Obviously there is a lot happening here that I’ll keep checking out as time goes by. I find the lumens o really help see things that aren’t apparent without it.
The lumen type stuff appeared a lot longer than I thought it would.
My last day out looking for lumens was on Sept. 27th and I still saw some lumens out, although, mostly from Marcum hole. That’s it for me this year, they may still be out there, but they seemed to have slowed down or ceased, but I don’t know for sure because I stopped looking for now. Next year I will look some more. I’m not sure how long they will remain in Marcum hole? They seemed to be living there on their own.
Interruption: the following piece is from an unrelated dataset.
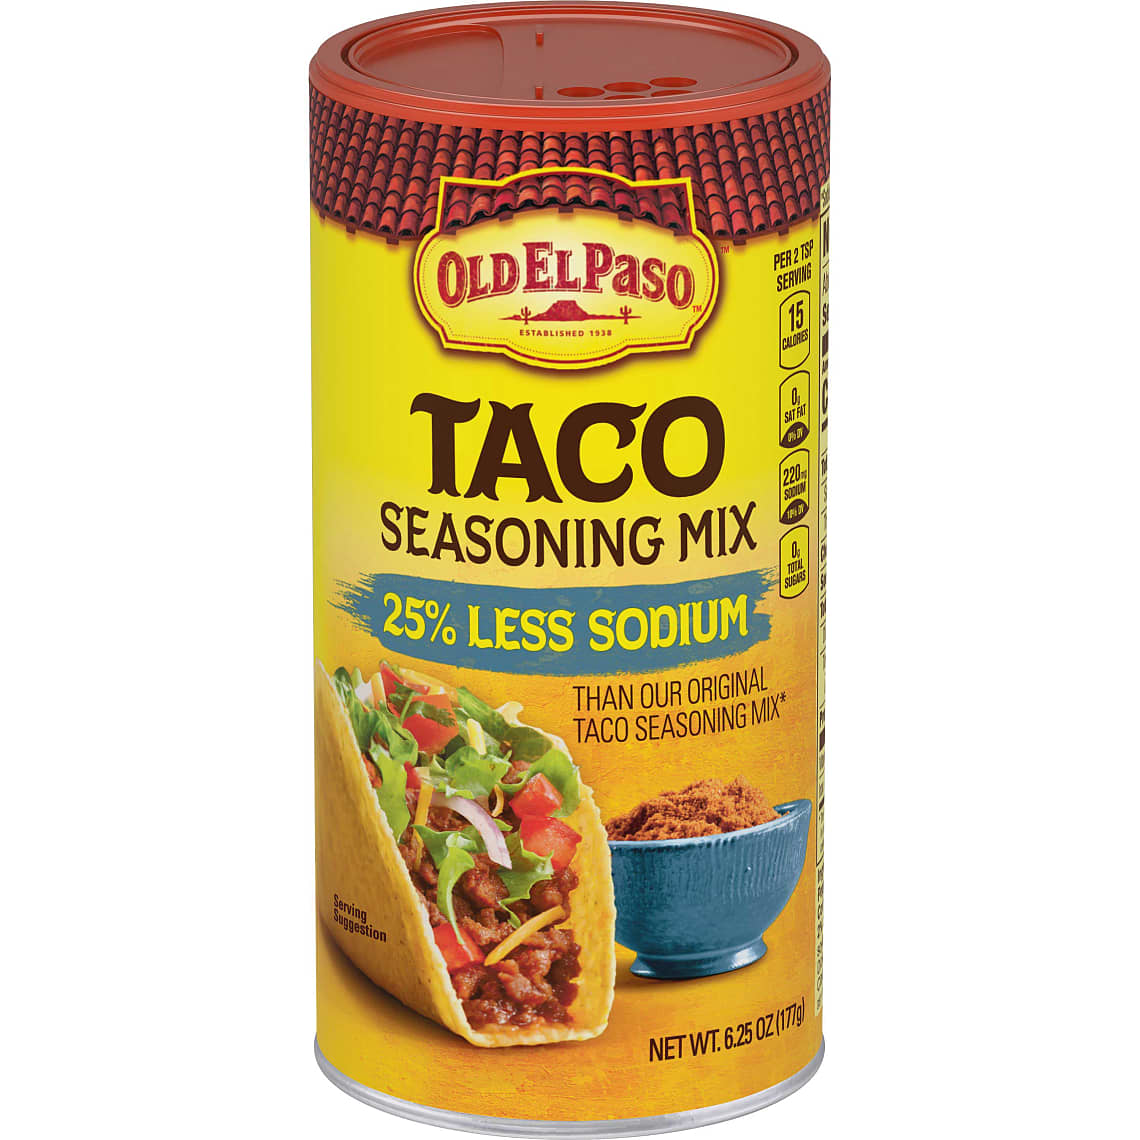 Old El Paso 25% Less Sodium Taco Seasoning Mix, 6.25 oz
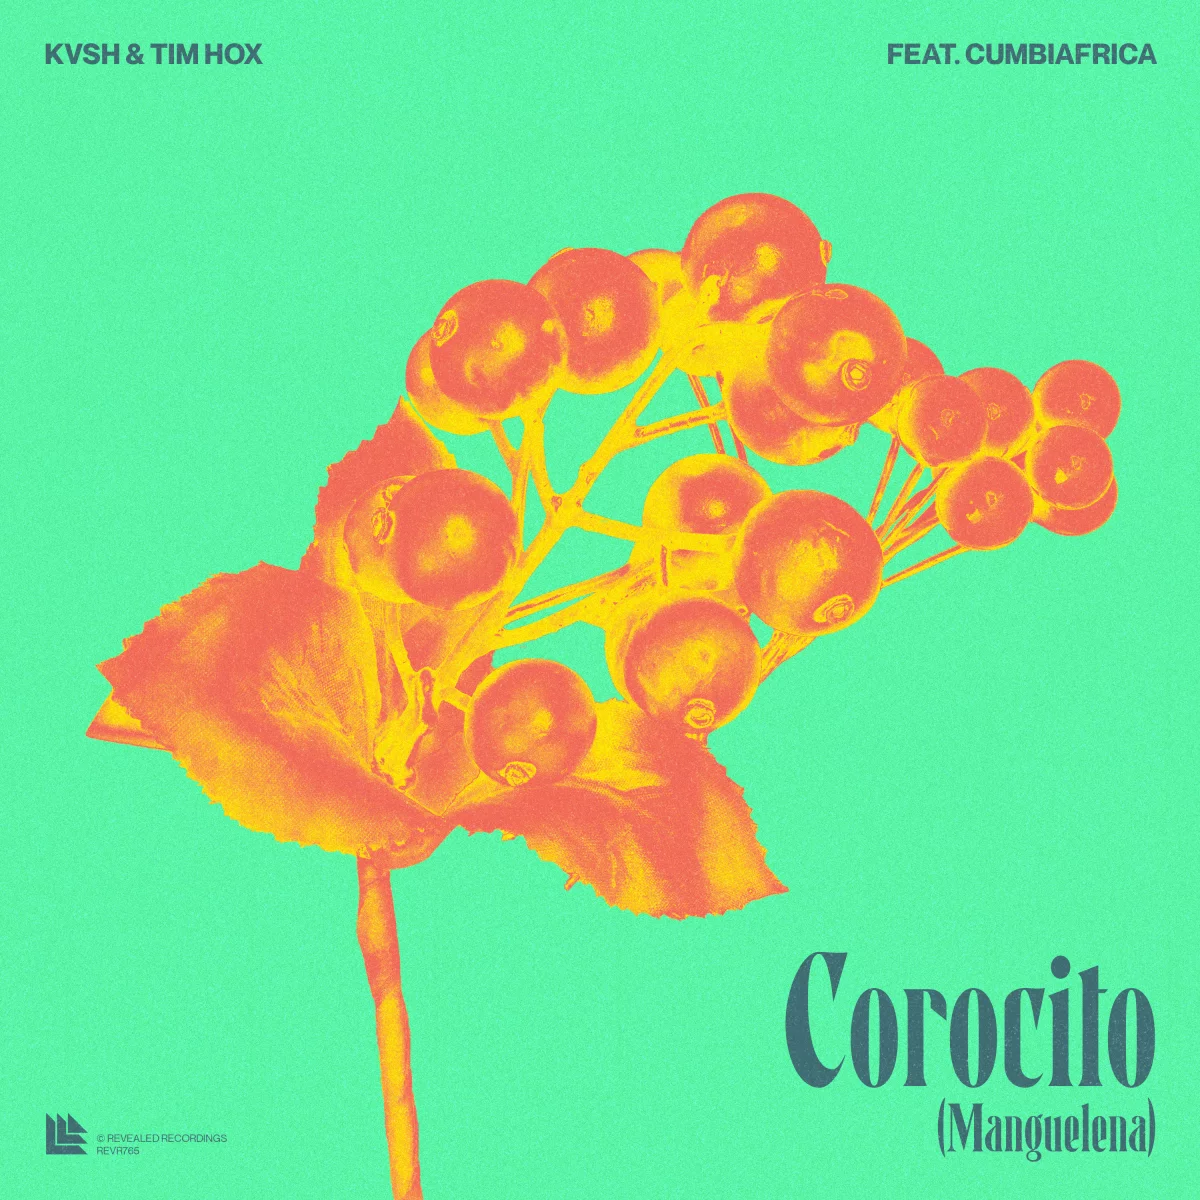 Corocito (Manguelena) - KVSH⁠ & Tim Hox⁠ feat. Cumbiafrica⁠ 

I learned a lot this year.
Things start to come together after one spends enough time studying something. That’s what happened this year, now I have even more to think about and build on. It looks to me like this lumens thing starts out slow, builds and peaks and then decreases again. If krill and other ocean stuff follow this pattern, then there is a huge supply of nutrient type stuff coming into the river from the ocean, during this time, which I would suspect is a huge food source for things that feed in the estuary. To get this huge food source into the river, I would think the mouth of the river would need to remain open during this period.
That concludes the lumen’s adventure for this year.